The Bottom Line:

On July 25, 2011, the United States Court of Appeals for the Ninth Circuit in In re Flamingo 55, Inc., No. 10-15755, 2011 U.S. App. Lexis 15285 (9th Cir. July 25, 2011), held that a creditor who is a joint borrower rather than a surety, guarantor, or accommodation co-maker, was not entitled to subrogation under 11 U.S.C. § 509(a).  The case involved partners/co-venturers in a development of real property and, because the court held the creditor was a co-borrower with its own direct (and joint) liability, subrogation under section 509 was not available when the underlying claim was paid to the third party creditor. However, although it did not affect the result (since the subrogation claim was denied), the Ninth Circuit also held that the type of “payment” required for a subrogation claim could be more than simply cash consideration.  The loss of property (in this case, through foreclosure) suffices.

What Happened:

In In re Flamingo 55, Inc., Gregory Grantham and John Saba, were members of a limited liability company, Broadway-Acacia, LLC (“BA”), which acquired in real property in California.  The other members of BA formed an entity named Flamingo 55, Inc. (“Flamingo”) to acquire real property in Nevada.  To finance the acquisition of the property in Nevada, Flamingo and BA borrowed $675,000 from Datacom and executed a note representing the loan.  The note was secured by the property to be acquired in Nevada and BA’s property in California.  In addition, pursuant to a cross-collateralization agreement, Datacom could foreclose on the property in Nevada or California if BA and Flamingo defaulted on the note. 
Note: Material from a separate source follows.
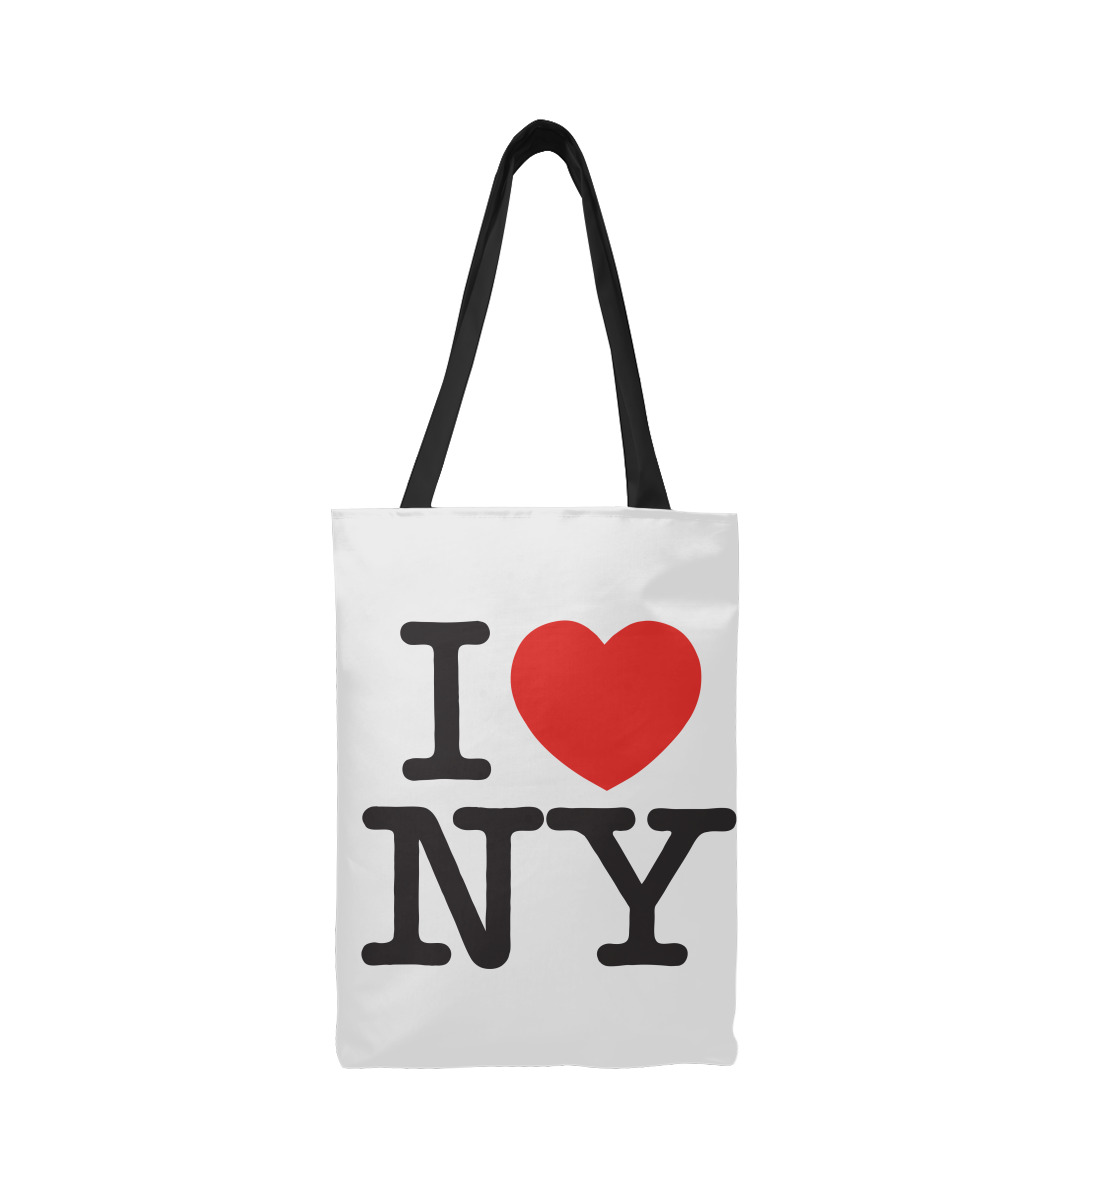 1 bag new. Шоппер i Love New York. Сумка шоппер i 3 NY. Сумка New York. Сумка New York 2.

During Flamingo’s involuntary bankruptcy proceeding, Datacom filed a claim against Flamingo and sought relief from the stay to foreclose on the property in Nevada.  The Bankruptcy Court, however, directed Datacom to exercise its rights against the property in California first.  Accordingly, Datacom foreclosed on the property in California and returned proceeds in excess of its claim to Grantham and Saba, successors in interest to BA.  On account of value of the property lost to Datacom in the foreclosure, Grantham and Saba filed a claim against Flamingo, asserting subrogation rights under section 509(a) of the Bankruptcy Code. 

The trustee of Flamingo objected.  The bankruptcy court sustained the trustee’s objections and disallowed BA’s subrogation claim because BA did not meet the basic requirements of section 509(a).  Section 509(a) provides that “an entity that is liable with the debtor on . . . a claim of a creditor against the debtor, and that pays such claim, is subrogated to the rights of such creditor to the extent of such payment.”  11 U.S.C. § 509(a).  The bankruptcy court found that the plain language of section 509 clearly shows that “section 509 effects subrogation only when nonbankruptcy law distinguishes between primary and secondary liability.  Thus, Section 509 does not apply when the liability of the person seeking subrogation is direct and of equal status with the debtor’s.”  In Flamingo, BA’s and Flamingo’s liability to Datacom was joint and several.  Thus, BA was not just liable with but rather is directly liable on the debt to Datacom.  Because BA’s obligation was of equal status with the debtor, Flamingo, BA was not entitled to subrogation.  Of relevance to the Ninth Circuit’s decision, the bankruptcy court also held that BA failed to satisfy the second element of section 509(a), as it did not make a “payment” to Datacom to extinguish its debt.  The bankruptcy court held that the foreclosure of the underlying property in satisfaction of Datacom’s claim did not constitute “payment” of the debt.

The Ninth Circuit’s decision is a short one, incorporating much of the lower court’s decision.  However, in two areas the Ninth Circuit differed.  First, it “clarified” that the creditor’s position as a partner or coventurer clearly indicated that it was a “joint borrower” and therefore, not entitled to subrogation under section 509(a).  The decision was limited to those facts and circumstances and “should not be read as reaching further than the situation presented by the relationship between the borrowers in this case.”  2011 U.S. App. LEXIS 15285 at *2.  More importantly, the Ninth Circuit rejected the bankruptcy court’s finding that foreclosure of property owned by the creditor asserting the subrogation claim could not constitute “payment.”  Payment of cash is not a prerequisite for asserting subrogation rights and foreclosure of valuable property suffices. 

Why the Case is Interesting:

The decision is a reminder that the structure of a transaction can affect the participants’ claims against each other.  Because the transaction was structured with both parties acting as direct and joint borrowers, the recovery by the third party creditor (e.g., Datacom) was not deemed a recovery on account of a claim against the debtor (e.g., Flamingo).  In addition, the Ninth Circuit afforded a broader interpretation of “payment” by holding that the payment of cash is not a prerequisite for creditors asserting subrogation rights.